Гольдштейн попытался дать такое объяснение, показав принципиальную зависимость любых движений (и в особенности всех «абстрактных» произвольных действий) от зрительных процессов. На примере обоих своих «душевно слепых» он хотел показать связь любых нарушений зрительного узнавания и зрительного представления с серьезными дефектами способности движения и действия. В конечном счете все это обосновывается тем, что любое совершаемое нами произвольное движение предполагает какое-то опосредование и некий «фон». «Мы совершаем наши движения не в "пустом" пространстве, не имеющем никакого отношения к движениям, но в пространстве, которое находится в совершенно определенном с ними отношении: движение и фон представляют собой лишь искусственно разделяемые моменты единого целого». Поскольку «душевно слепым» с тяжелыми повреждениями оптически-пространственных переживаний уже не удается создать для своих движений зрительное опосредование, то и движения оказываются серьезнейшим образом задетыми, а потому должны демонстрировать иную, чем у здоровых, «форму».

203

Даже там, где больные достигают по видимости правильных результатов последние опираются на совершенно иной фундамент: «фон» сдвигается из оптической области в кинестетическую.

Важнейшее различие между оптически и кинестетически фундированным «фоном» Гольдштейн видит в том, что второй менее поддается варьированию. «Зрительный фон независим от моего тела и его движений — оптически представленное пространство не сдвигается вместе с изменением положения моего тела. Оно находится вовне и фиксируется, мы можем по-разному осуществлять в нем наши действия. Кинестетически фундированный фон значительно теснее связан с нашим телом.
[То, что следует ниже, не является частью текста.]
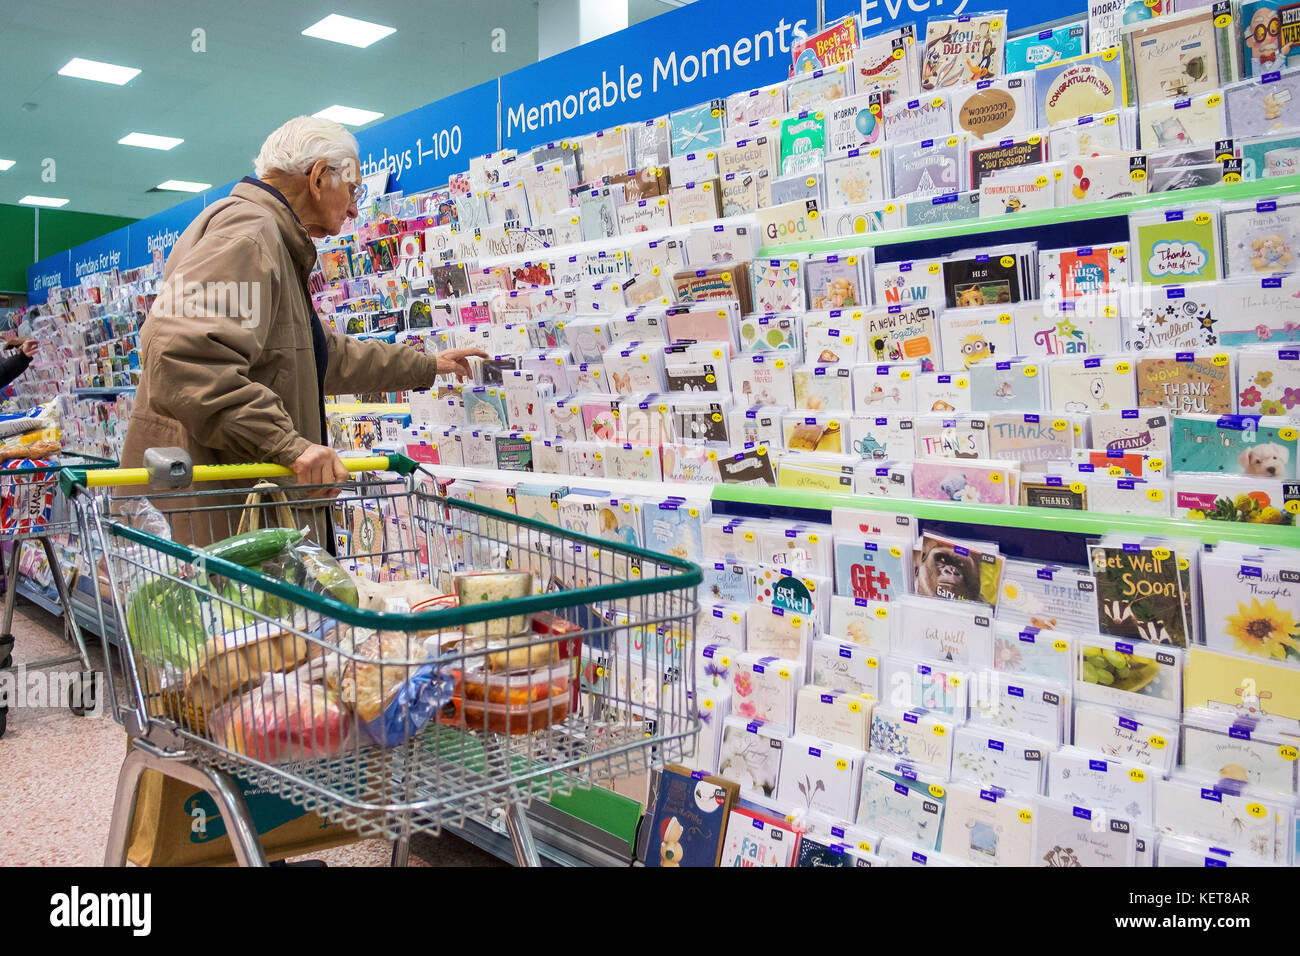 Einkaufen in einem Morrisons Supermarkt - ein Kunde die Wahl ein Jubiläum Karte aus einer Karte Anzeige in Stockbild

Кинестетически фундированная поверхность всегда как-то соотносится с моим телом; кинестетический образ акта письма заранее содержит в себе определенное положение поверхности, на которой я пишу, тогда как при зрительном фоне я приспосабливаю к нему мое тело».

Случай одного из «душевно слепых» Гольдштейна характеризуется тем, что пространство для него всегда ориентировалось на положение его тела. «Вверху» для этого пациента всегда означало по направлению к его голове, а «внизу» — по направлению к его ступням. Поэтому, лежа на диване, он не мог указать, где «верх» и «низ» у комнаты. Его движения при письме или рисовании всегда происходили примерно на одном уровне, были как бы сплющенными и избегающими вертикалей. Писать ему было удобнее всего стоя, но «он был не в состоянии переместить этот уровень, т. е. писать на другом уровне. Когда его просили об этом, то создание такого нового уровня трудно ему давалось... Например, когда его просили изобразить круг на горизонтальном уровне, то он плотно прижимал оба локтя к туловищу, ставил руки под прямым углом и совершал колебания всем телом, чтобы руки двигались по горизонтали. С помощью кинестетических ощущений он идентифицировал уровень движения своих рук как горизонтальный и тем самым осуществлял предписанные ему для письма движения. Поскольку кинестетически фундированный уровень прочно закреплен, то для нахождения наиболее удобного ему уровня должно было меняться положение всего тела. Это было легко продемонстрировать, предлагая ему писать сначала стоя, а затем лежа. Уровень, на котором он писал, всегда занимал одну и ту же позицию по отношению к положению его тела; эти два уровня, естественно, находились перпендикулярно друг к другу, равно как и соответствующие две позиции его тела»219.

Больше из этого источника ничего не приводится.